An IRRRL can only be made to refinance a property on which you have already used your VA loan eligibility. It must be a VA to VA refinance, and it will reuse your original entitlement.


Application Process
A new Certificate of Eligibility (COE) is not required. You may take your Certificate of Eligibility to show the prior use of your entitlement or your lender may use our e-mail confirmation procedure in lieu of a certificate of eligibility.

Loan Limits
VA does not set a cap on how much you can borrow to finance your home. However, there are limits on the amount of liability VA can assume, which usually affects the amount of money an institution will lend you. The loan limits are the amount a qualified Veteran with full entitlement may be able to borrow without making a down payment. These loan limits vary by county, since the value of a house depends in part on its location.

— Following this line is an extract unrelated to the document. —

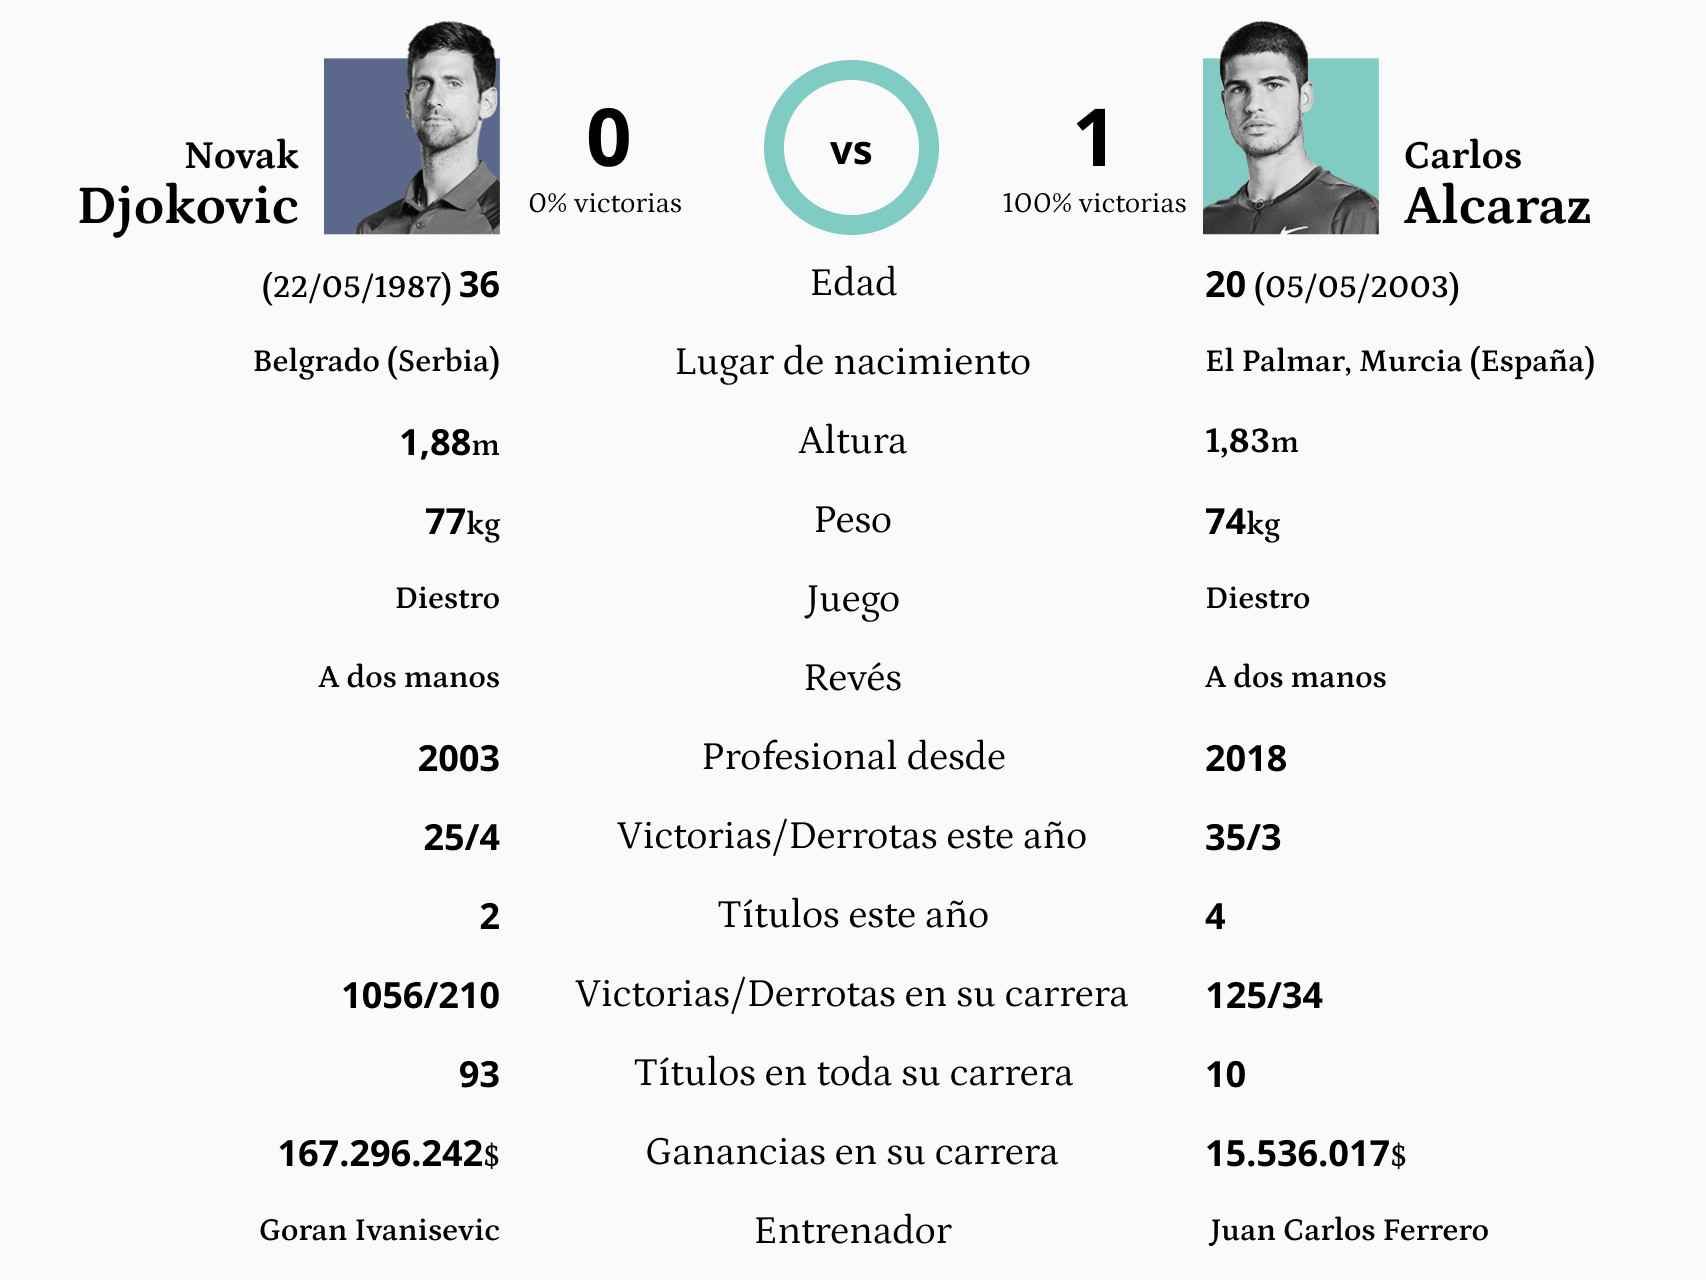 Cara a cara entre Novak Djokovic y Carlos Alcaraz

The basic entitlement available to each eligible Veteran is $36,000. Lenders will generally loan up to four times a Veteran's available entitlement without a down payment, provided the Veteran is income and credit qualified and the property appraises for the asking price.

VA Funding Fee

Generally, all Veterans using the VA Home Loan Guaranty benefit must pay a funding fee. This reduces the loan's cost to taxpayers considering that a VA loan requires no down payment and has no monthly mortgage insurance. The funding fee is a percentage of the loan amount which varies based on the type of loan and your military category, if you are a first-time or subsequent loan user, and whether you make a down payment. You have the option to finance the VA funding fee or pay it in cash, but the funding fee must be paid at closing time. You do not have to pay the fee if you are a:

The funding fee for second time users who do not make a down payment is slightly higher. Also, National Guard and Reserve Veterans pay a slightly higher funding fee percentage. Some lenders offer IRRRLs as an opportunity to reduce the term of your loan from 30 years to 15 years. While this can save you money in interest over the life of the loan, you may see a very large increase in your monthly payment if the reduction in the interest rate is not at least one percent (two percent is better). Beware: It could be a bigger increase than you can afford.

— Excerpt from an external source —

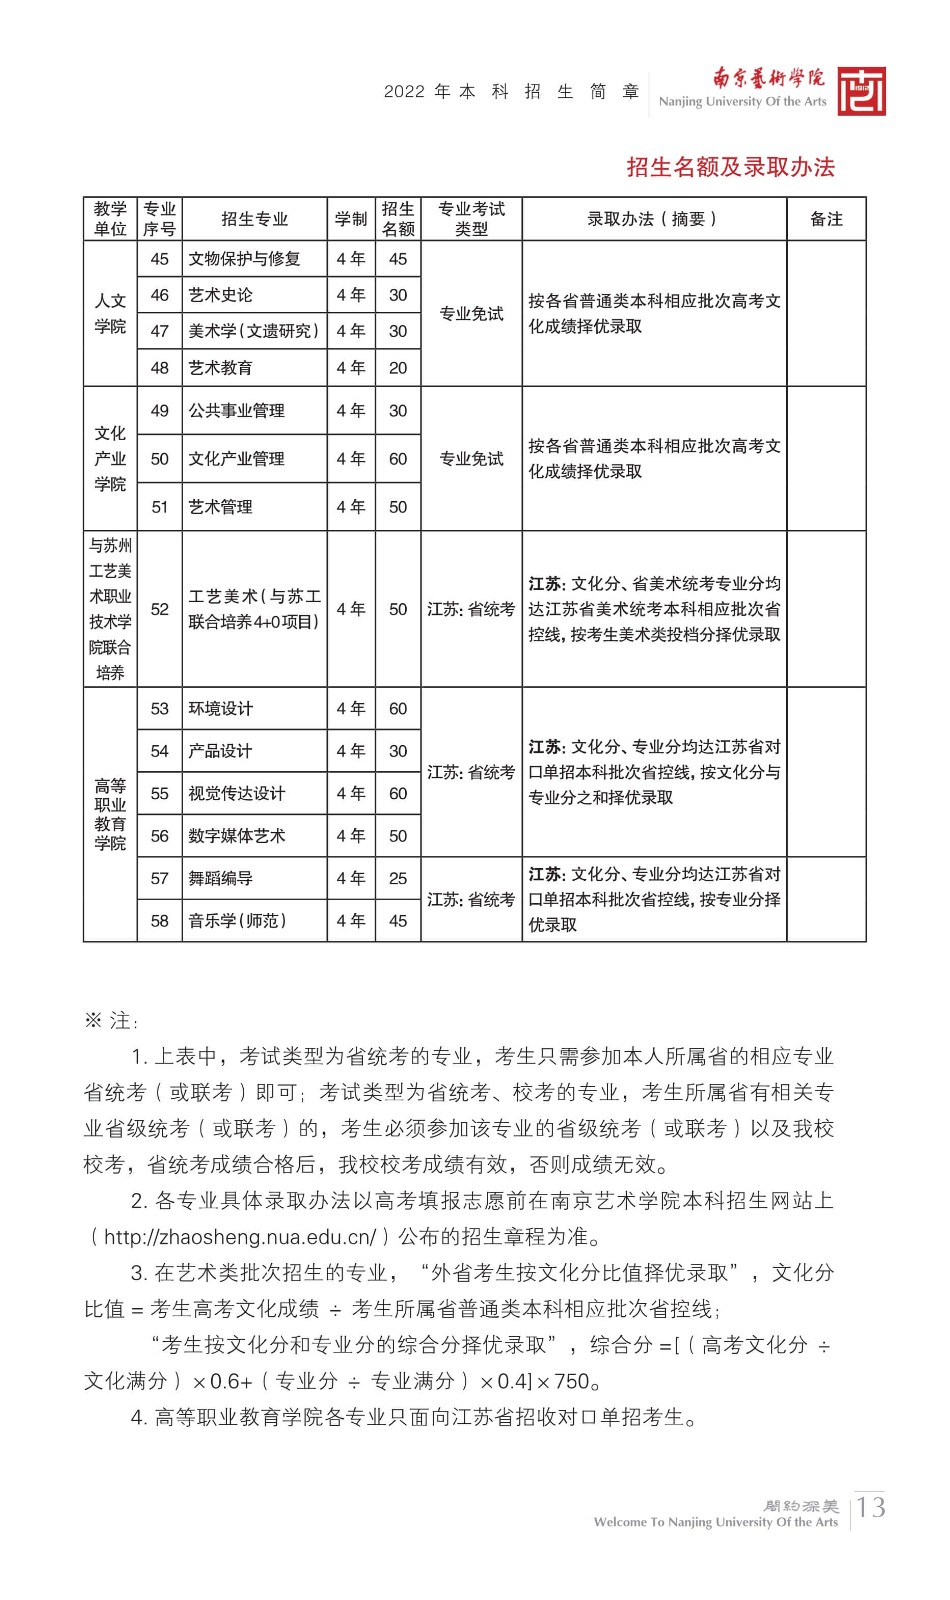 2022年南京艺术学院本科舞蹈类、音乐类招生简章、校考报名及考试相关安排、联系方式及声明

Native American Direct Loan (NADL) Program

Since 1992, the Native American Veteran Direct Loan (NADL) program has provided eligible Native American Veterans and their spouses the opportunity to use their Department of Veterans Affairs (VA) home loan Guaranty benefit on Federal trust land.

What is a NADL?
VA provides direct home loans to eligible Native American Veterans to finance the purchase, construction, or improvement of homes on Federal Trust Land, or to refinance a prior NADL to reduce the interest rate.

Why Use the NADL Program?

How to Use the NADL Program
To obtain a NADL, the law requires that the tribal government must have signed a Memorandum of Understanding (MOU) with the Secretary of Veterans Affairs. The MOU spells out the conditions under which the program will operate on its trust lands.

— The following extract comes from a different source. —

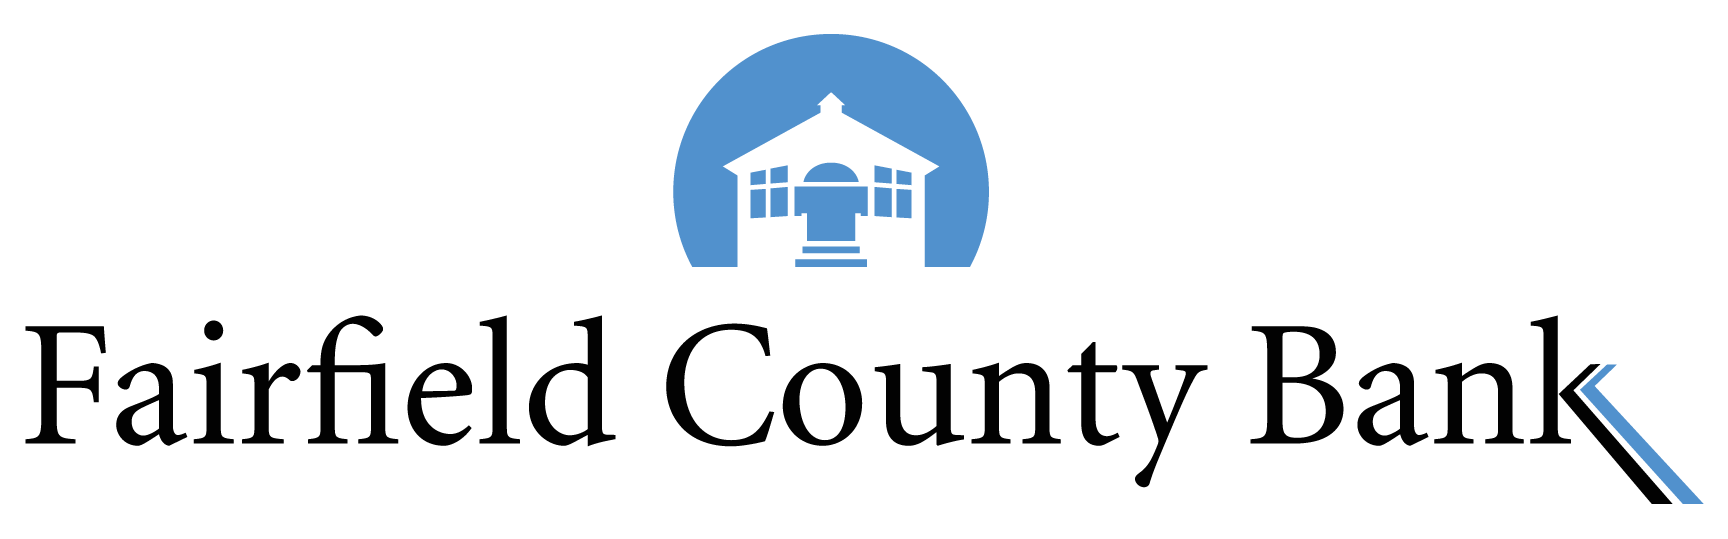 Fairfield County Bank Company Logo

Am I Eligible to Use the NADL Program?

Education Benefits

Post 9-11 GI Bill (Chapter 33)

Chapter 33 was enacted in the "Post 9-11 Veterans Educational Assistance Act of 2008" (P.L. 110-252), and greatly expanded education benefits on August 1, 2009. The Veterans Educational Assistance Improvement Act of 2010 (P.L. 111-377), signed into law on January 4, 2011, amended the Post 9-11 GI Bill by expanding eligibility for certain individuals, and modifying the amount of assistance and the types of approved programs. The Choice Act extended the Fry scholarship to spouses, and allows VA to disapprove courses of education in which the state charges Veterans or service members higher rates than that of in-state residents.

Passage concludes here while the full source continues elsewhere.